Далее я был в университете, читал много и действительно много заимствовал из этих источников, так что то, что я говорю, я не думаю выдавать за свои собственные изобретения: во-первых, я слишком слаб, чтобы изобретать подобные великие вещи, во-вторых, я занялся делом совершенно другим, которое берет у меня все мое время и не дозволяет мне самому додумываться до этого… И, наконец, странная у Вас, мамочка, нетерпимость к чужому мнению, — если что не по Вас, так сейчас и баста, и чтобы речи об этом не было. Вы сами высказываете свои соображения, а вслед за этим заставляете молчать своего собеседника… На этот счет папа гораздо терпимее Вас».
Здесь забегая несколько вперед надо рассказать о том, как относился Дмитрий Васильевич к подобным эскападам сына и в каком смысле был он терпимее, чем мама.

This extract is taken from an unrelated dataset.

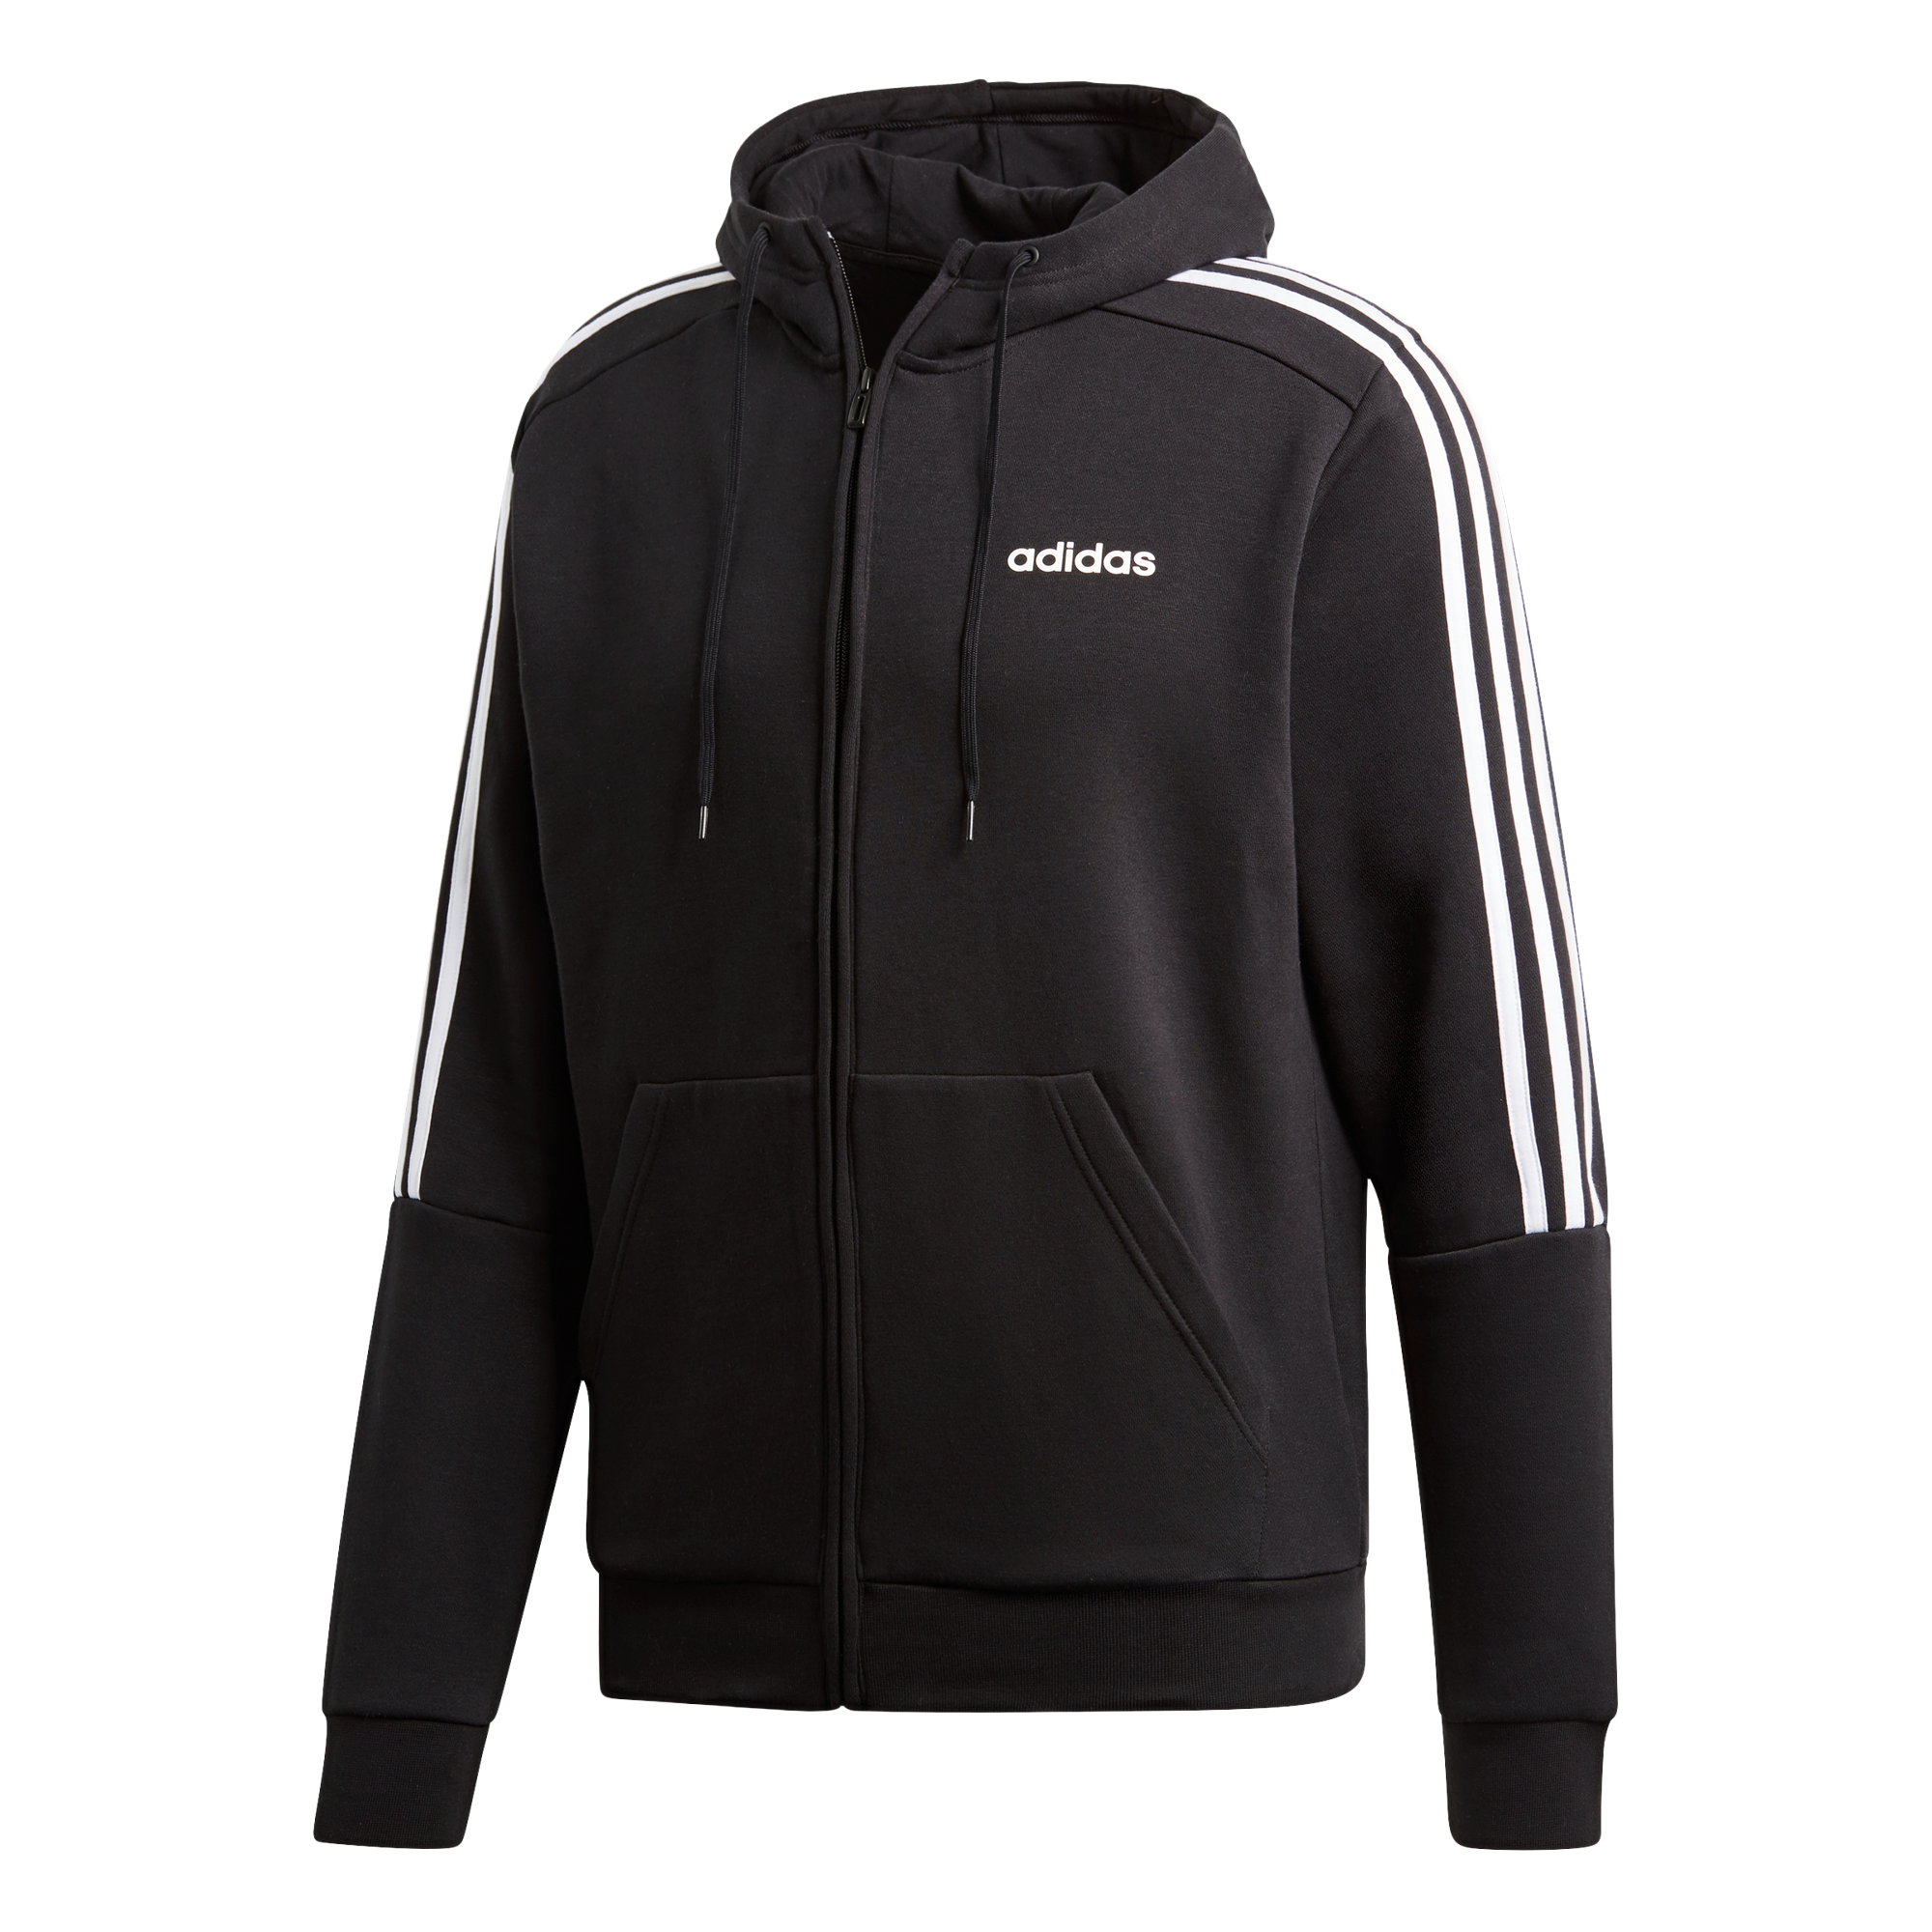 adidas black hoodie jacket

Год спустя, в конце мая — начале июня 1875 года, Поленов в компании Репина и еще нескольких человек побывал в Лондоне. Едва ли стоит пересказывать его письмо, наполненное описаниями английской столицы. Но совершенно необходимо привести вот какие его слова: «Надо непременно знать по-аглицки, чтобы ехать в Лондон. Как я сожалею, что вместо ненужной латыни или разных катехизисов, богослужений, чтения псалмов и т. п. бесполезностей не выучили меня по-аглицки, дело иное было бы…»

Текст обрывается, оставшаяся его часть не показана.